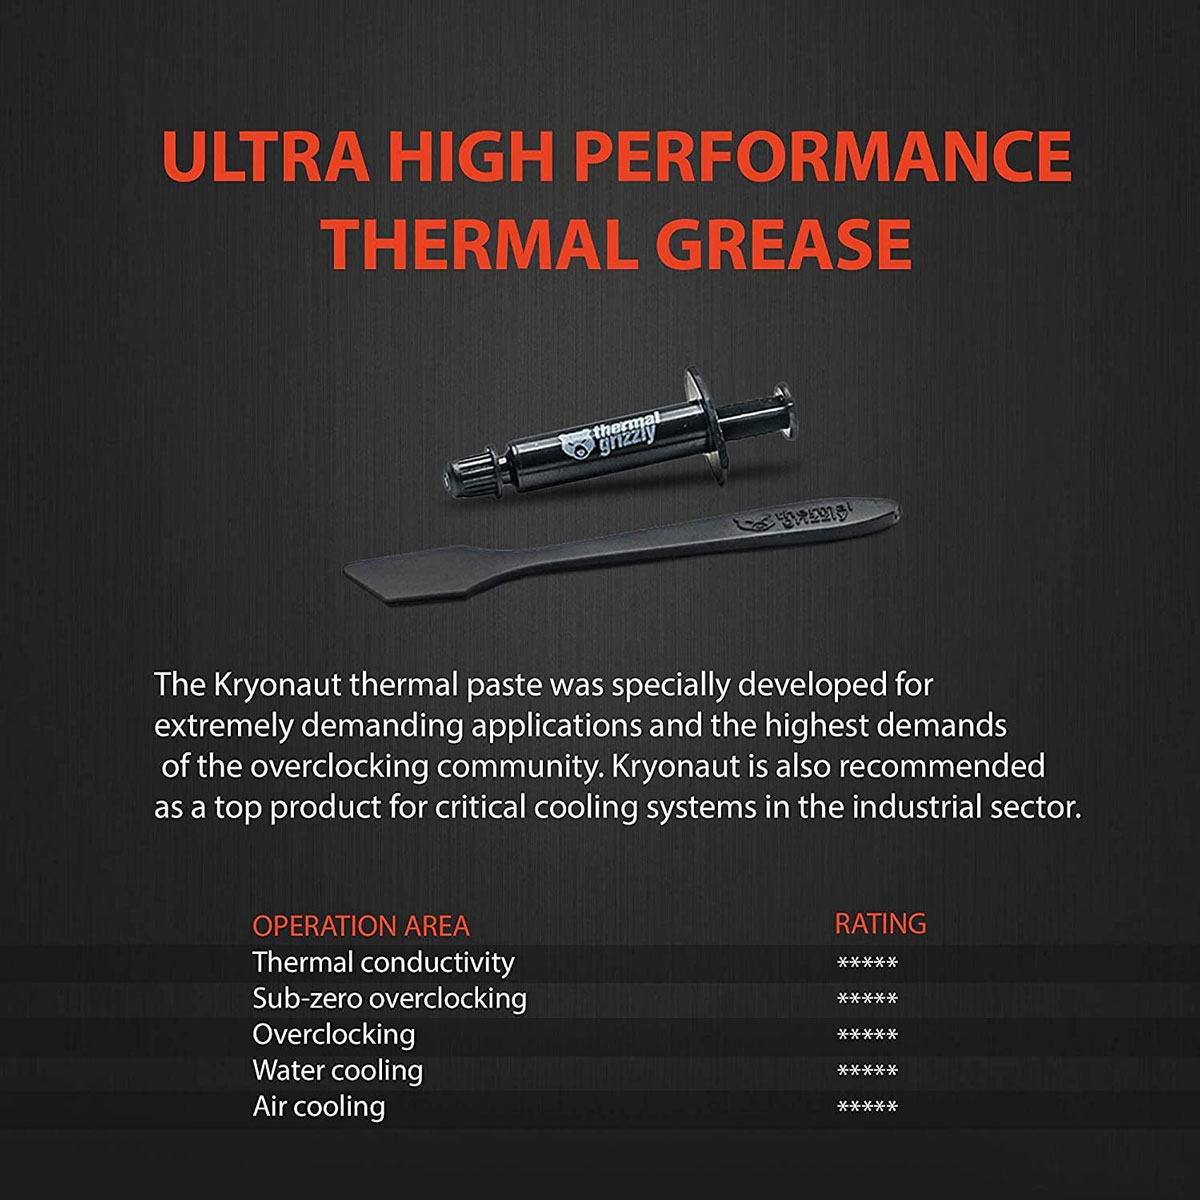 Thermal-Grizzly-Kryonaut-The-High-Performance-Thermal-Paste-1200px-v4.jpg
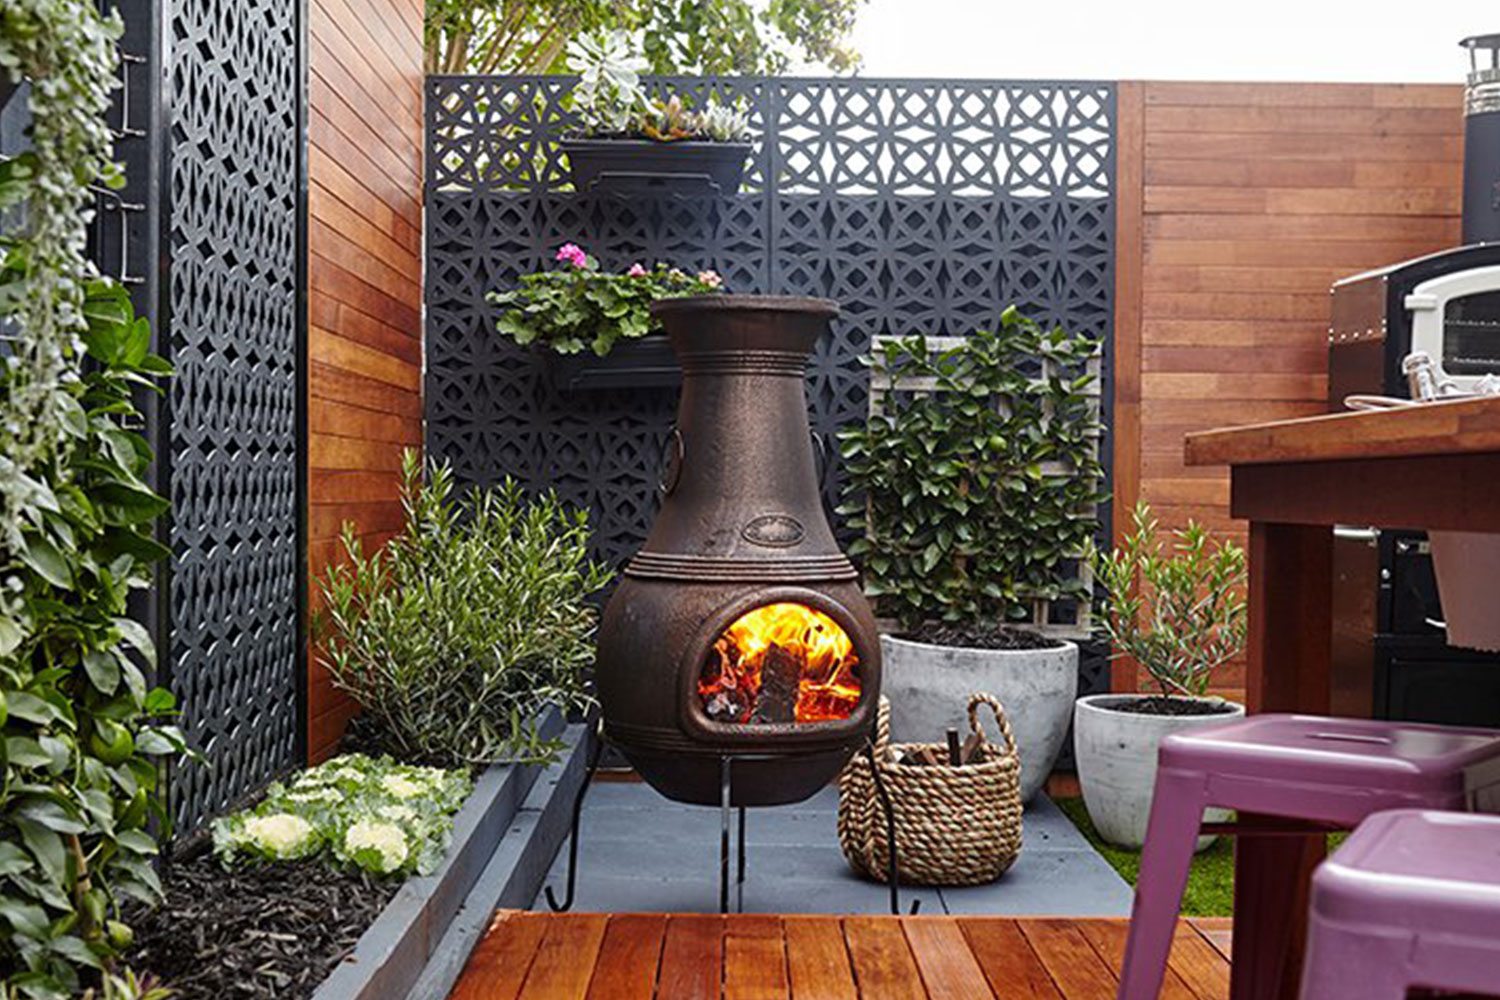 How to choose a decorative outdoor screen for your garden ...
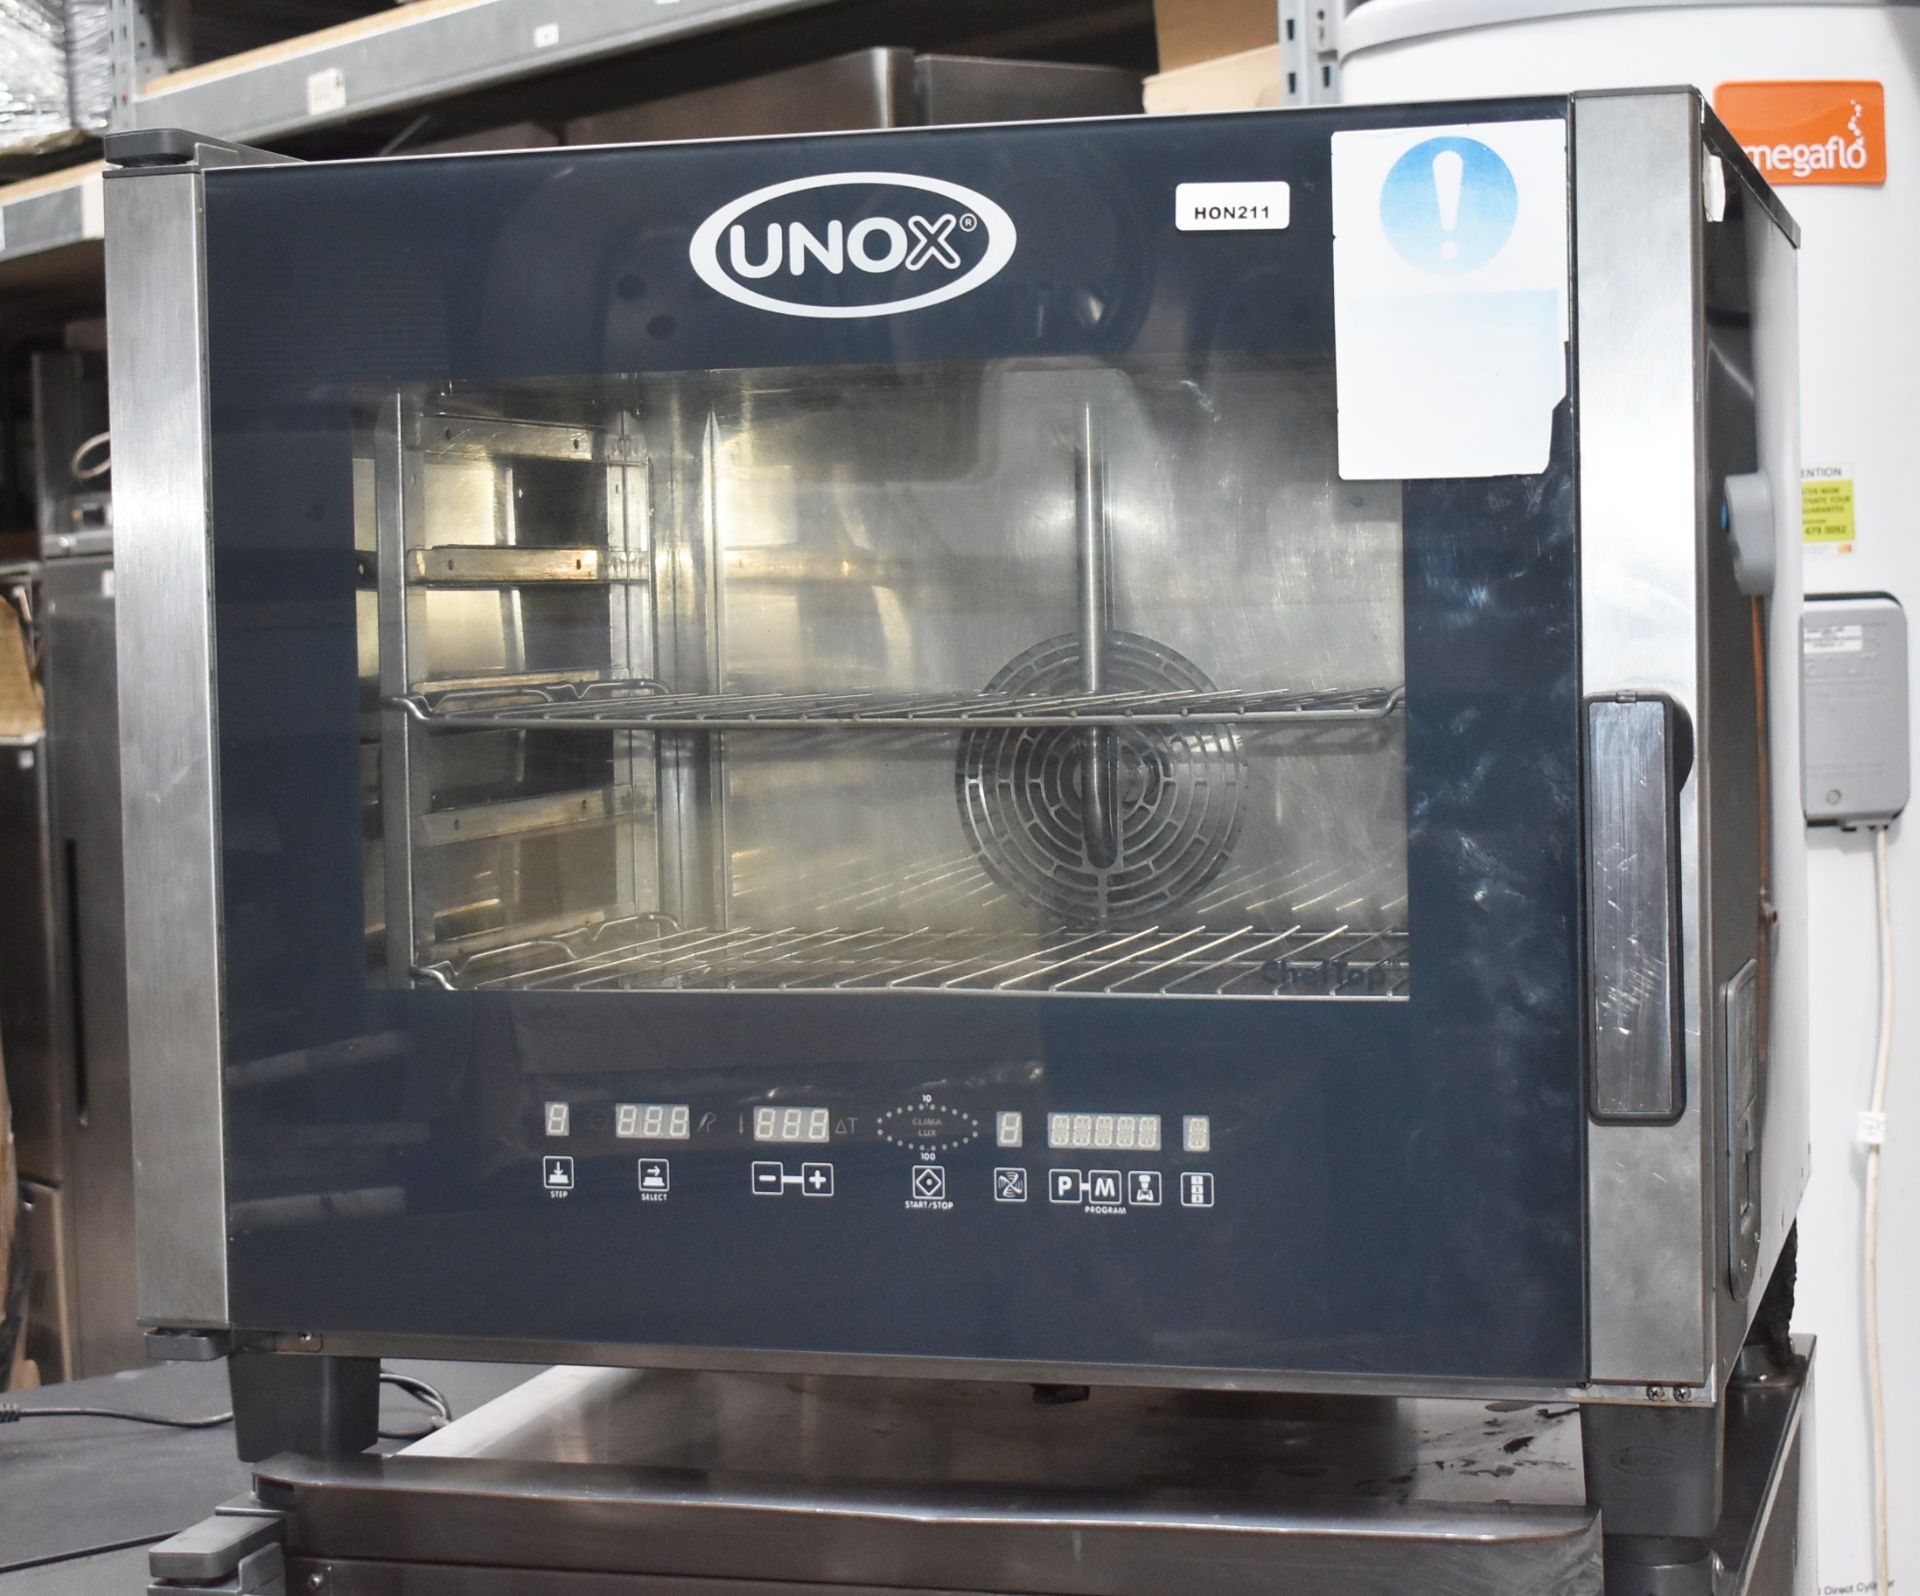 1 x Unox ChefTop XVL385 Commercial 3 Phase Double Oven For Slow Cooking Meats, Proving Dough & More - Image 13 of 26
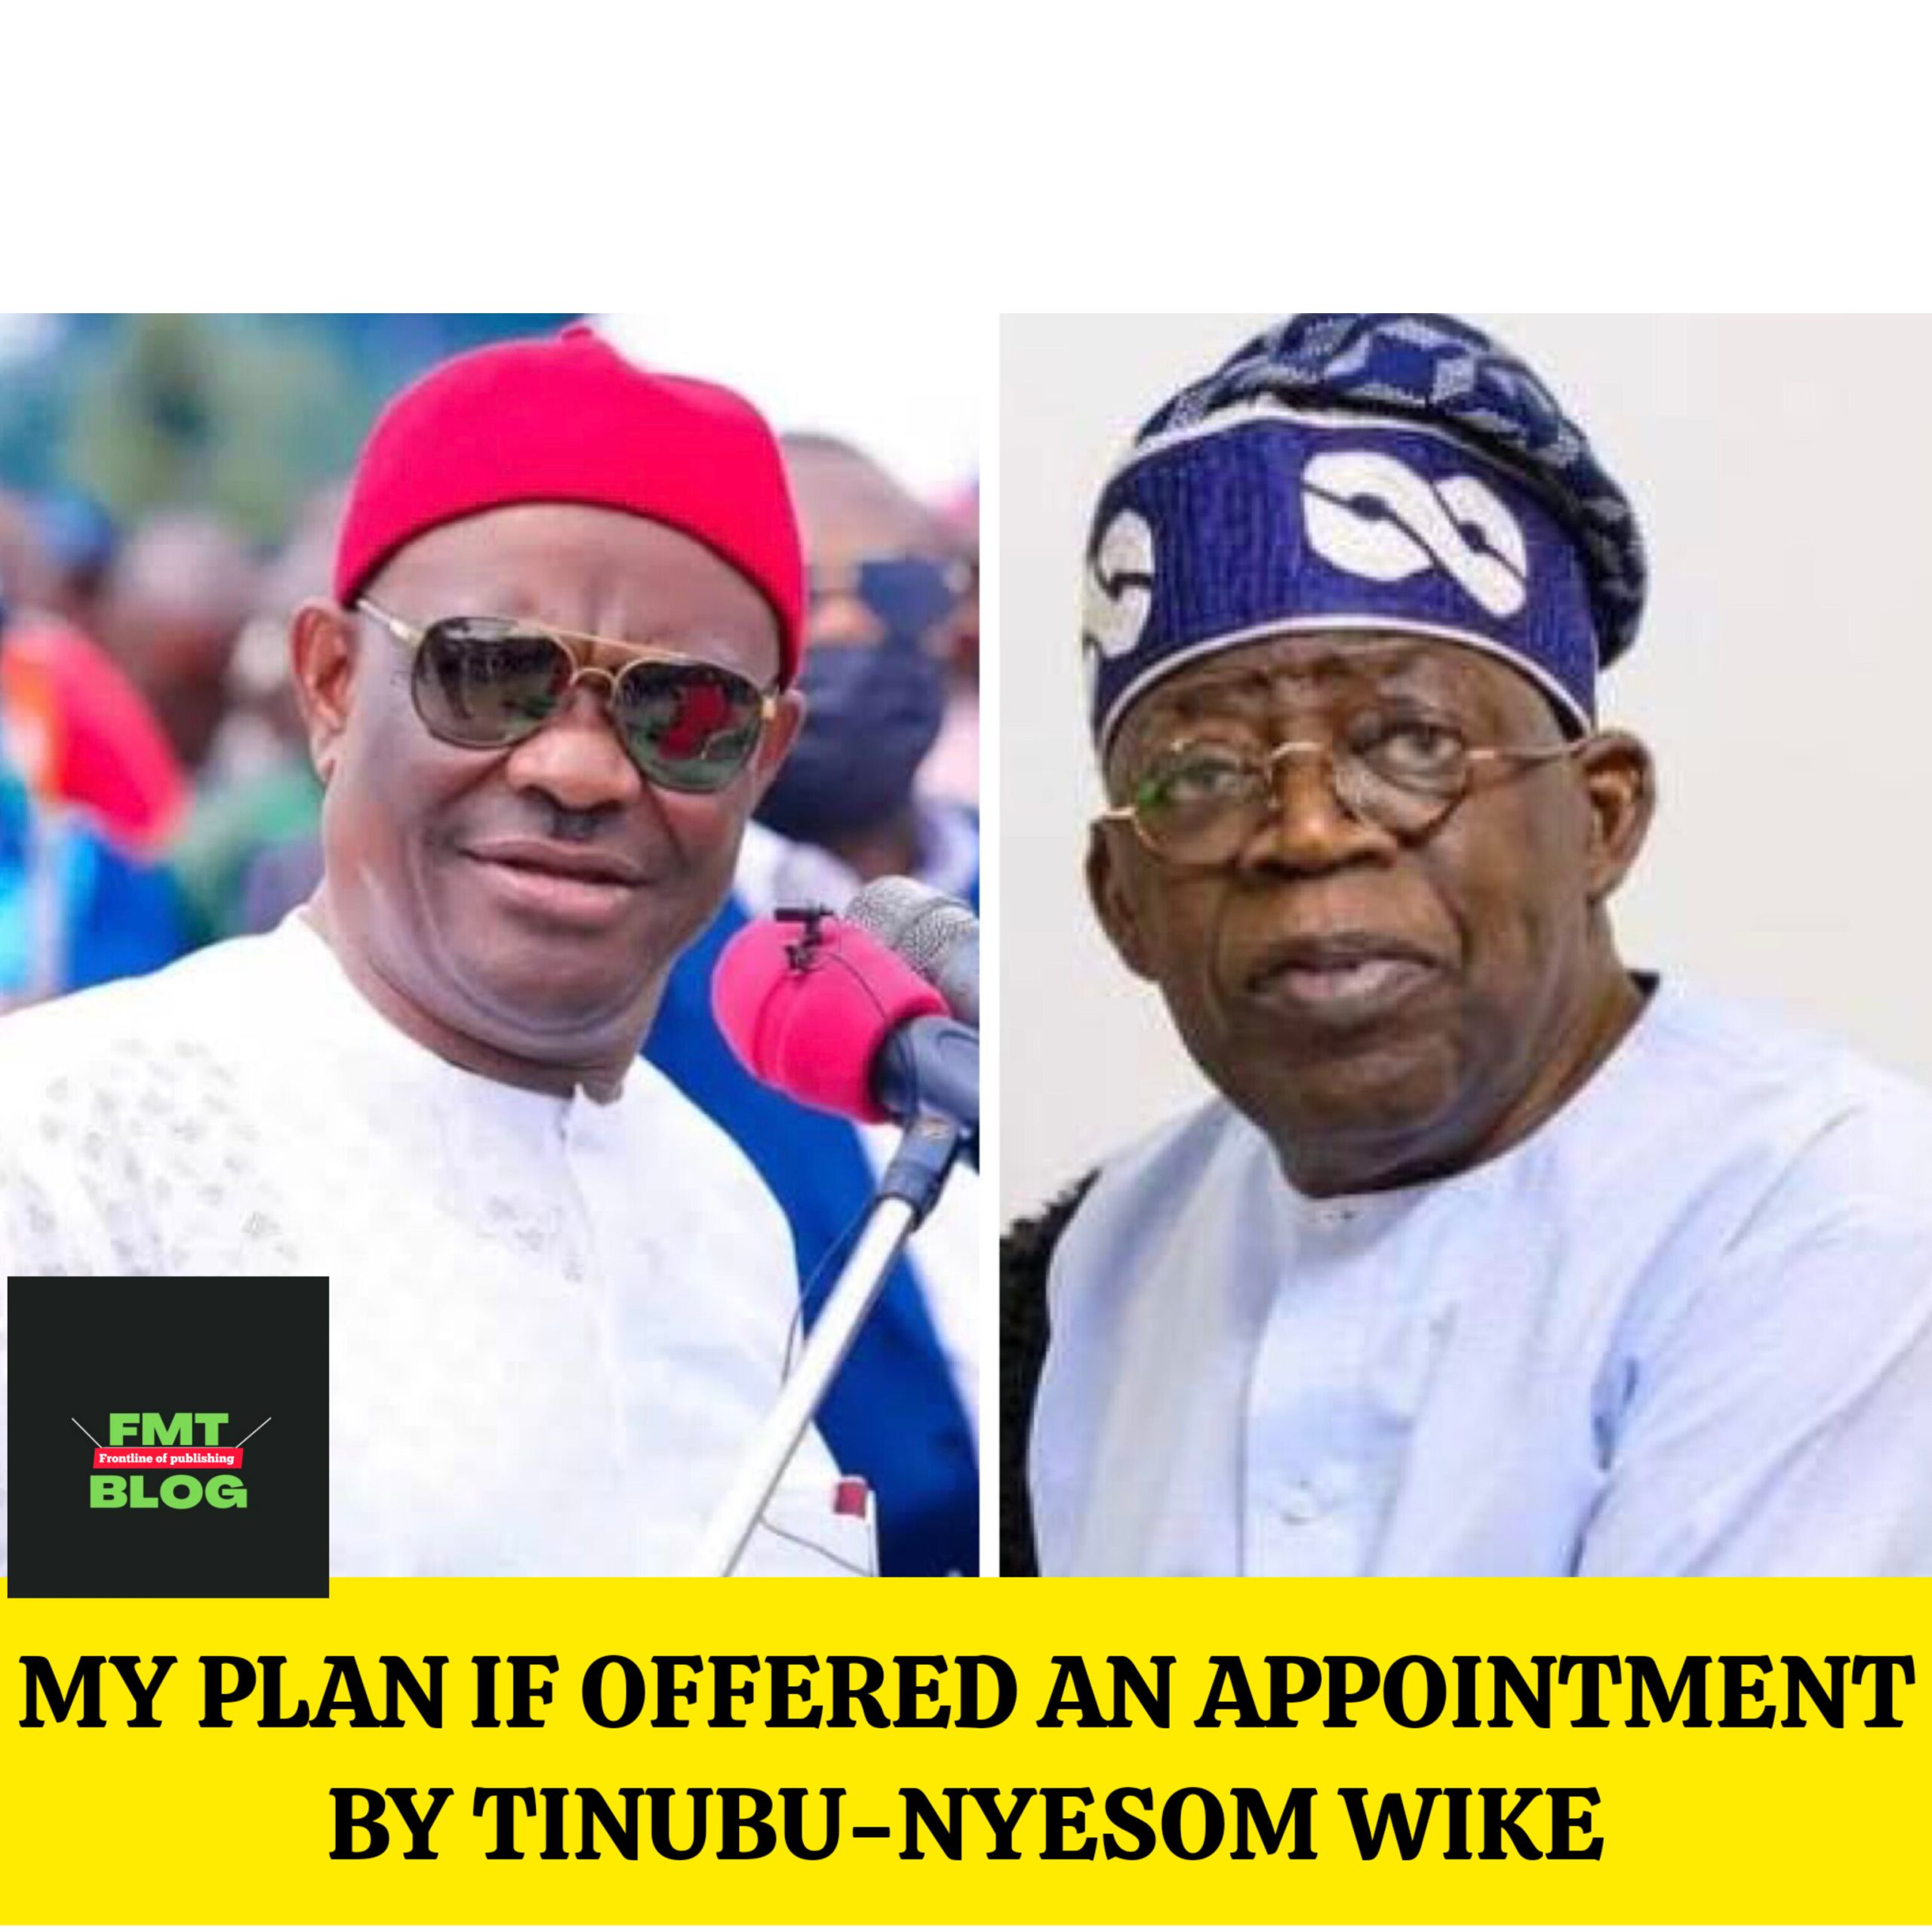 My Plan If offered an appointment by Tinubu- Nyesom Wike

* _Task item_: The output consists of exactly the lines from the one containing "How to choose" through the last line of the listing, both included, with no pictures.

* _Response to the exercise_:
 How to choose a decorative outdoor screen for your garden ...
 1 x Unox ChefTop XVL385 Commercial 3 Phase Double Oven For Slow Cooking Meats, Proving Dough & More - Image 13 of 26
 My Plan If offered an appointment by Tinubu- Nyesom Wike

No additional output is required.